Mark Fred, RN, MSN. COO and CIO of Kirby Medical Center (Monticello, Ill.): Fortunately, we have not had to make such choices. In many post-COVID healthcare markets, volumes continue to grow as the cost of labor and operations is rising. Even in the face of slightly less favorable margins, the fact that cloud hosting offers a lower initial cost, better security and access to on-demand resources continues to make it a better long-term solution than dedicated servers — not to mention the savings in space with choosing cloud over a physical server room. The growing obsolescence of your hardware in relation to the need to stay on the forefront of innovation with the latest software is a given. The ground you lose by choosing not to stay ahead of that curve is very hard to make up.
Christian Lindmark. Chief Technology Officer of Stanford Health Care (Palo Alto, Calif.): We see increased spending in our cloud environments annually and predict it will continue to accelerate in fiscal year 2023 and beyond, for both software as a service (SaaS) and public cloud. Stanford Health Care recently completed a data center consolidation project, moving from five data centers to two co-location facilities and increasing our footprint in the cloud. This is consistent with an overall trend in healthcare, with most organizations determining that owning and operating data centers is not cost-effective or efficient.
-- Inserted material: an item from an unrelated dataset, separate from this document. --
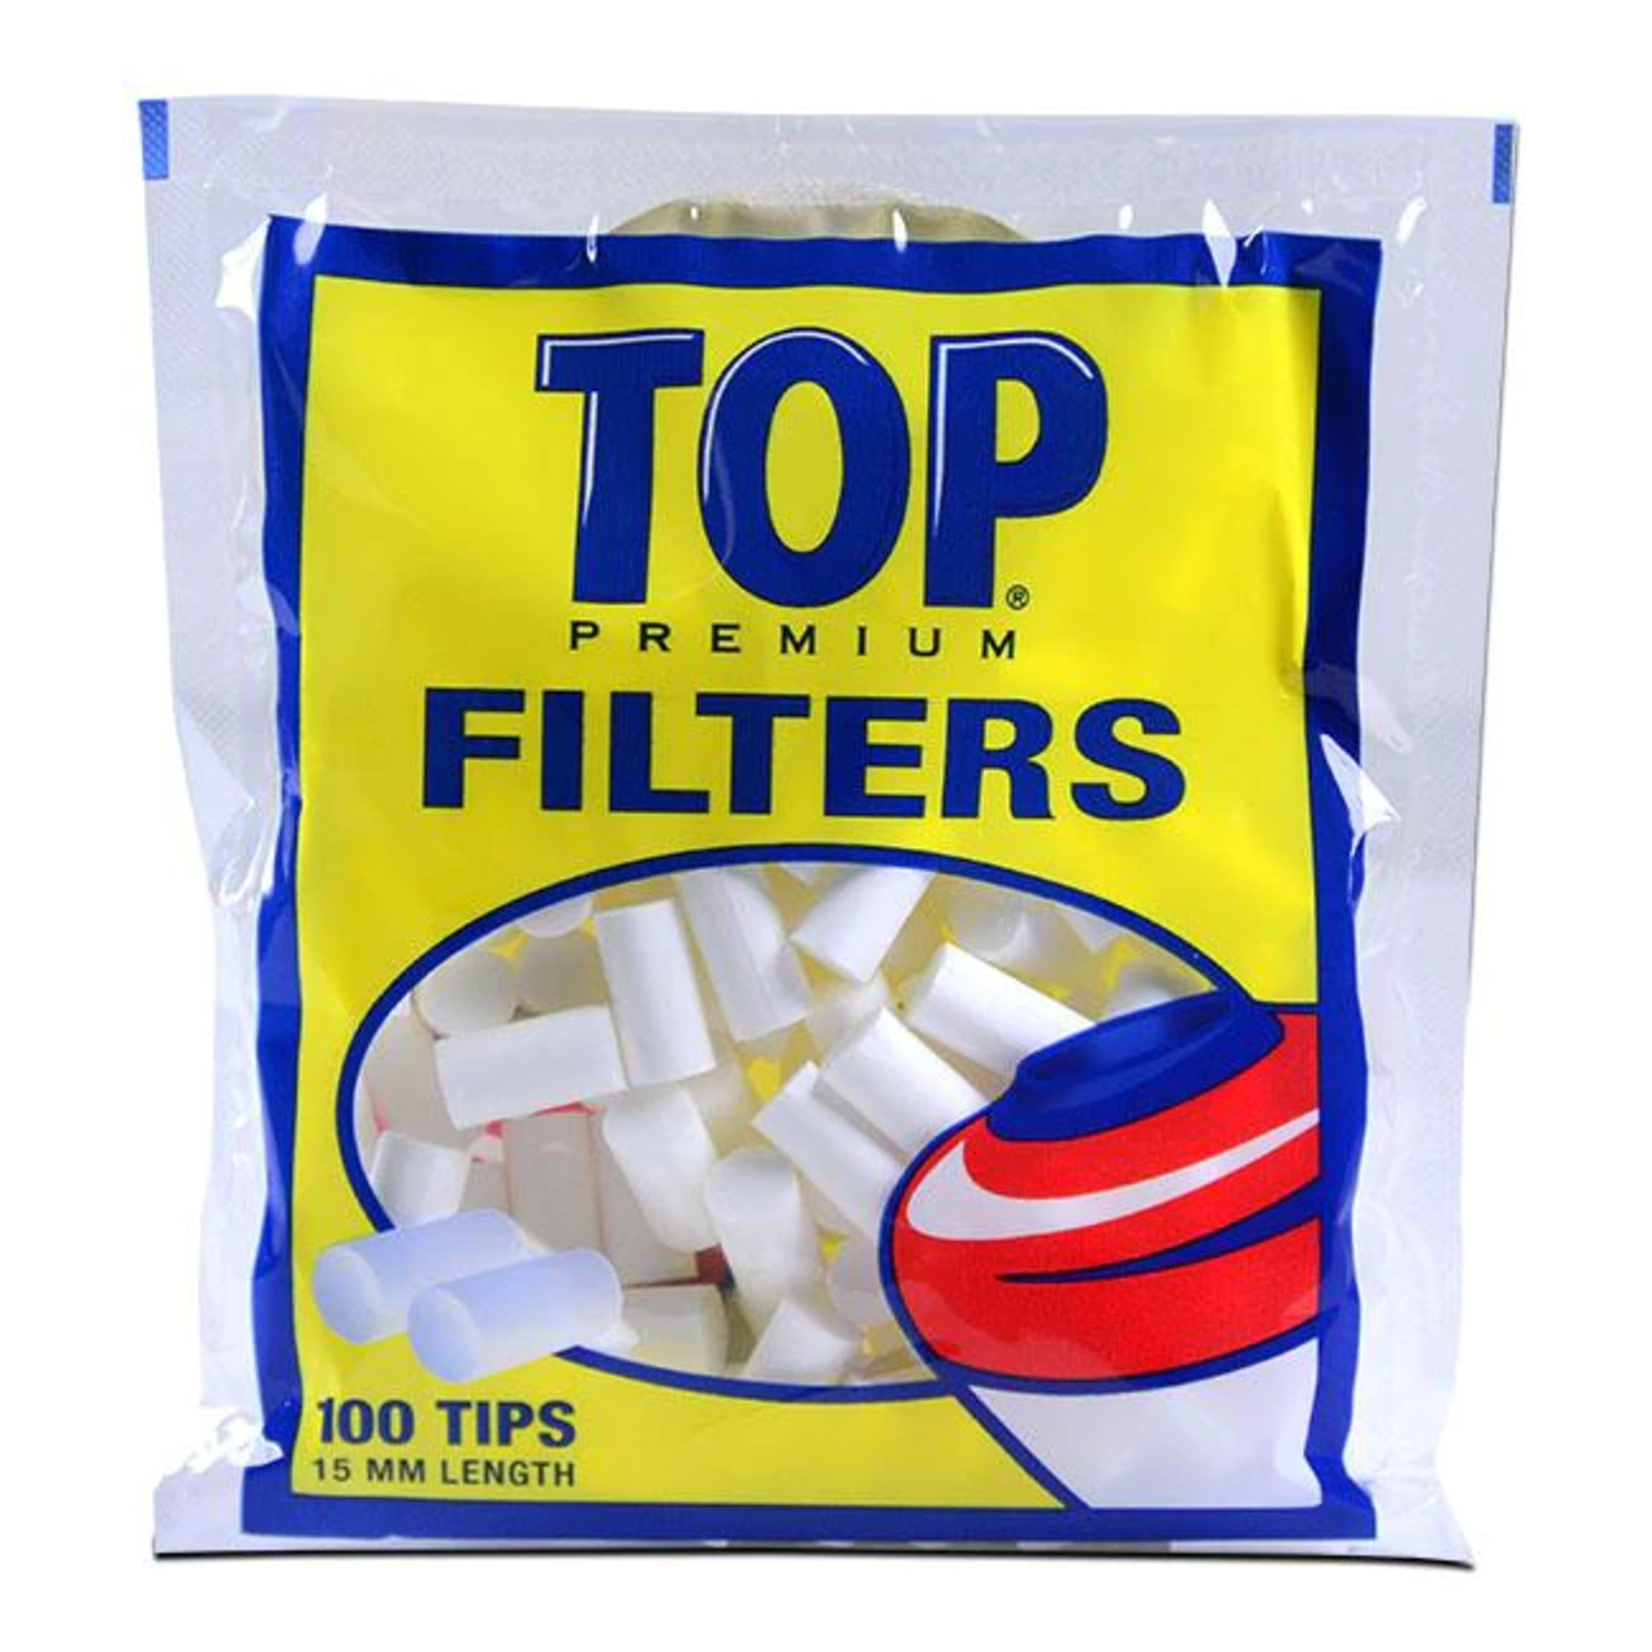 Top Top Premium FIlters

Furthermore, many vendors in the healthcare space are providing SaaS solutions, eliminating the decision of on-prem versus the cloud.
Historically, when we have looked at our production environments migrating to the cloud, the total cost of ownership has overwhelmingly been more expensive on a five- to seven-year comparison — with capital costs for on-prem hardware and operating costs for management not being reduced enough to offset the increase in operating costs related to cloud spend. However, these comparisons are getting closer each year.
We have found the greatest value in native cloud deployments is with internal software development efforts and disaster recovery environments. The market is still in an early stage, and it will take a few years for some of the greatest benefits for healthcare to emerge, specifically around research data active learning/machine learning.
Additionally, sustainability is a major consideration for us at Stanford Health Care. We are committed to being leaders in improving our IT carbon footprint, and decisions we make related to our infrastructure investments and partners are key considerations moving forward, both in the cloud and on-prem.